Evaluate tools for introspecting container images

[tetsuo-cpp]

The syft tool supports generating a SBOM for a container image and has support for Python packages. We should check to see if we can leverage this to support container images in pip-audit.

cc: @di

[tetsuo-cpp]

I think syft could be really useful for us. It has quite a bit of functionality for both container images and filesystems and supports a bunch of different language ecosystems. The relevant bits for us are:

• We can give syft a container image.
• It will traverse the layers in the image and look for files that look like egg or wheel metadata.
• If it finds egg or wheel metadata for a package, that package goes into the package list.

Interesting files are:

• https://github.com/anchore/syft/blob/main/syft/source/all_layers_resolver.go
• https://github.com/anchore/syft/blob/main/syft/pkg/cataloger/python/package_cataloger.go

Some potential issues:

• syft just looks for package metadata on the file system. So if I have a container that has a wheel on the filesystem that hasn't been installed to any Python, it's still going to end up in the package list. I initially thought this was weird, but after thinking about it more, auditing a container is a bit of a fuzzy idea since it can have multiple Python environments in it. So just auditing anything on the file system that looks like a package isn't that unreasonable.
• Calling the Go functionality via C FFI doesn't seem realistic so I imagine we'll have to invoke syft via subprocess. We should probably talk to the devs and figure out whether we can rely on any of the output formats to remain stable since we'll have to parse it in pip-audit and get a list of dependencies out of it.
• Distribution could be an issue. There aren't builds for all common platforms (for example, there's no build that I can use on my M1 Mac). We might have to say something like: "if you want to audit docker images, make sure syft is in your PATH" and just leave it to the user.
• Seems unlikely that this functionality could ever make its way back into pip.

[tetsuo-cpp]

Thinking about how this compares to the alternatives:

Other options

I'll keep an eye out but I wasn't able to find anything that fits the bill. Tern is interesting but it seems more focused on packages installed via the distro package manager.

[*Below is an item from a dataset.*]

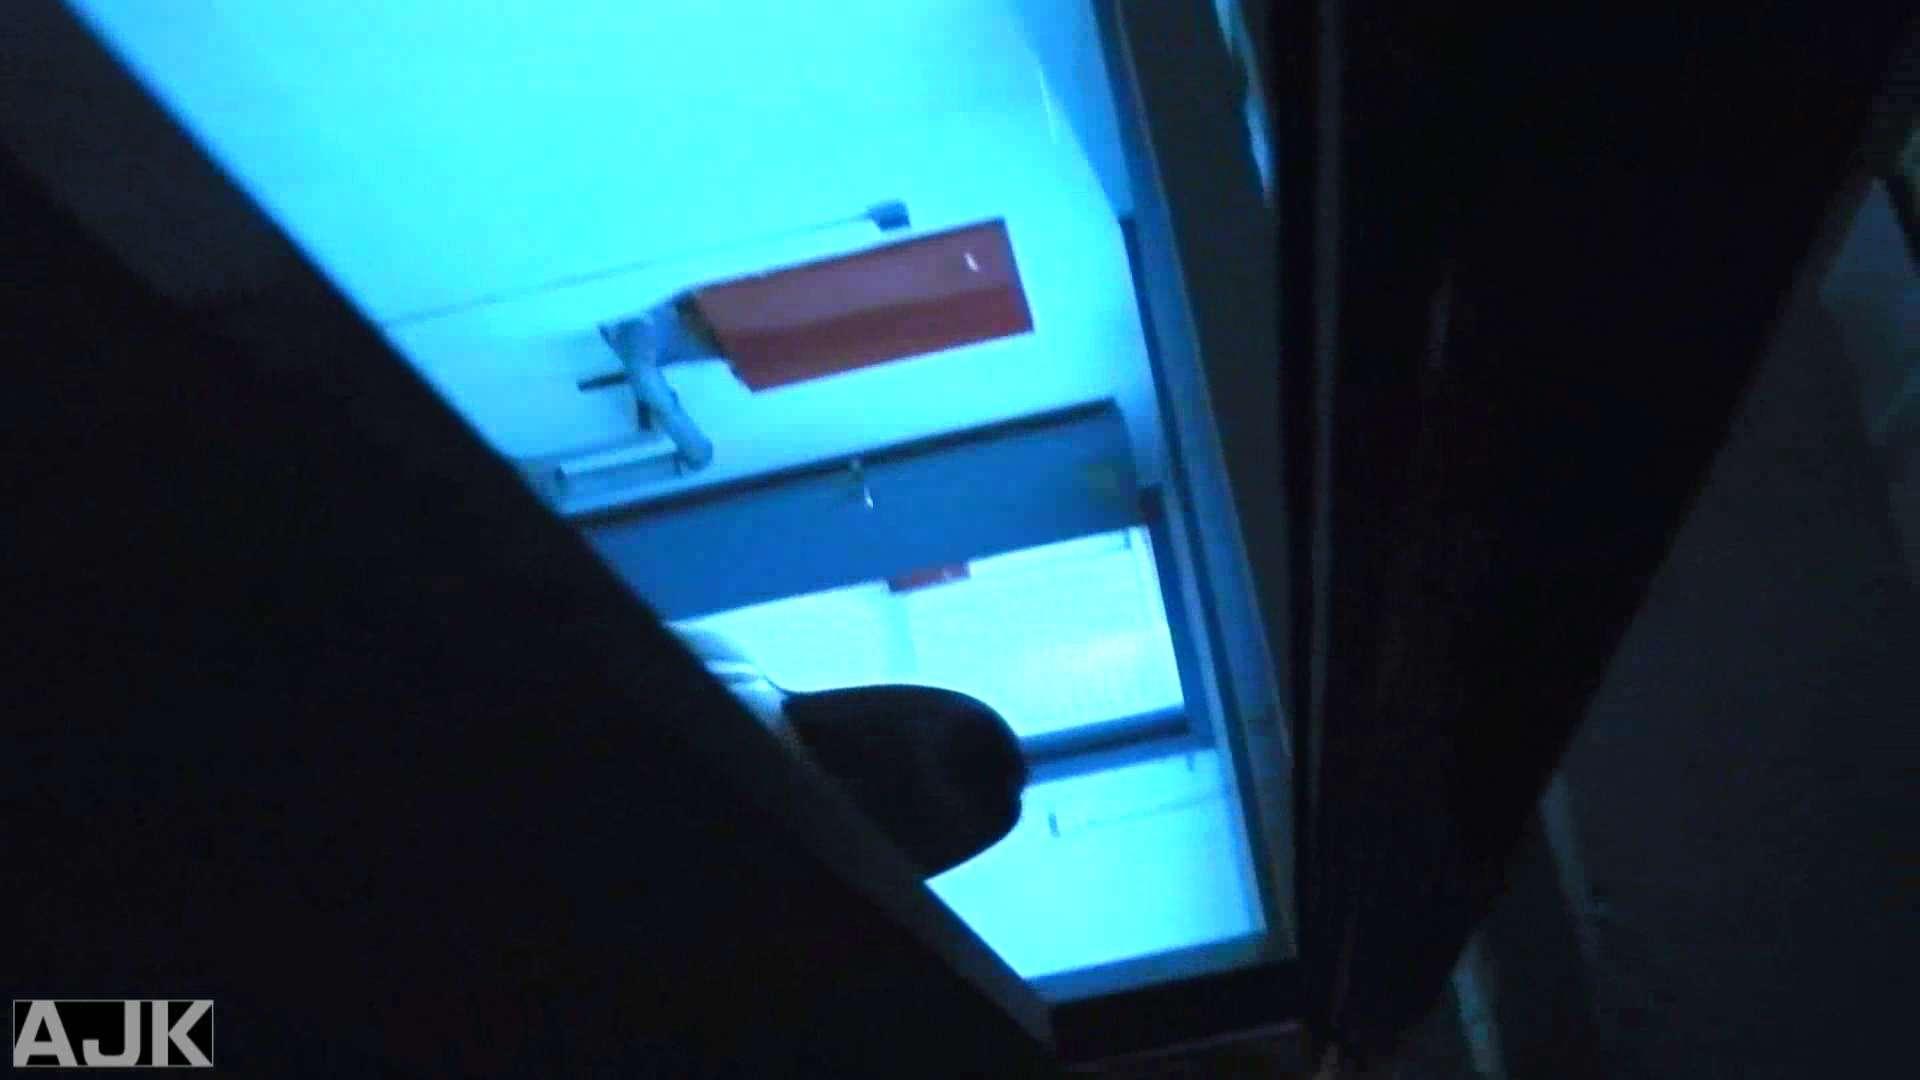 神降臨!史上最強の潜入かわや! vol.23 美しいOLの裸体 オメコ無修正動画無料 96pic 30

Reimplementing in pip-audit

The Python-specific code in syft looks ok but I think the most painful thing about reimplementing this functionality in pip-audit will be parsing the Docker image, traversing over each layer, etc. syft does this by using stereoscope.

I had an idea that it might be possible to leverage some of Tern's image parsing modules (also in Python) for this purpose and write the Python-specific parts on top of it. I'm not sure whether Tern was designed to be used as a library in the way that I'm thinking and there seems to be some platform support issues which might affect us.

[woodruffw]

A further note in terms of reimplementing: Docker's Python SDK is pretty well-featured, and includes a low-level API that might be able to do the kind of image introspection we need.

Edit: It looks like Tern uses the Docker Python SDK:

• https://github.com/tern-tools/tern/blob/87e7cdd154bc3cad98db1174b192ab9592adcffb/tern/analyze/default/container/multi_layer.py#L85-L120

• https://github.com/tern-tools/tern/blob/87e7cdd154bc3cad98db1174b192ab9592adcffb/tern/analyze/default/container/image.py

[di]

I think the ideal tool would:

• not require the Docker daemon to be present
• would be python-importable or maybe callable from the C FFI

AFAICT the Docker daemon seems to be a requirement for Tern but not for stereoscope. I think we want something like stereoscope, but written in Python.

[woodruffw]

AFAICT the Docker daemon seems to be a requirement for Tern but not for stereoscope. I think we want something like stereoscope, but written in Python.

Yeah, I believe Docker's Python SDK can't really do anything without connecting to a Docker daemon. So if we don't want to assume the presence of Docker, we probably can't directly dupe or reuse their approach.

I'll do some additional searching for something that looks like stereoscope, but in Python. It might also be possible to write a native Python extension that adapts stereoscope directly, although I'm not familiar with what that looks like with Go (I've done it for Rust and C/C++ and I've used Go extensions, but never written the latter).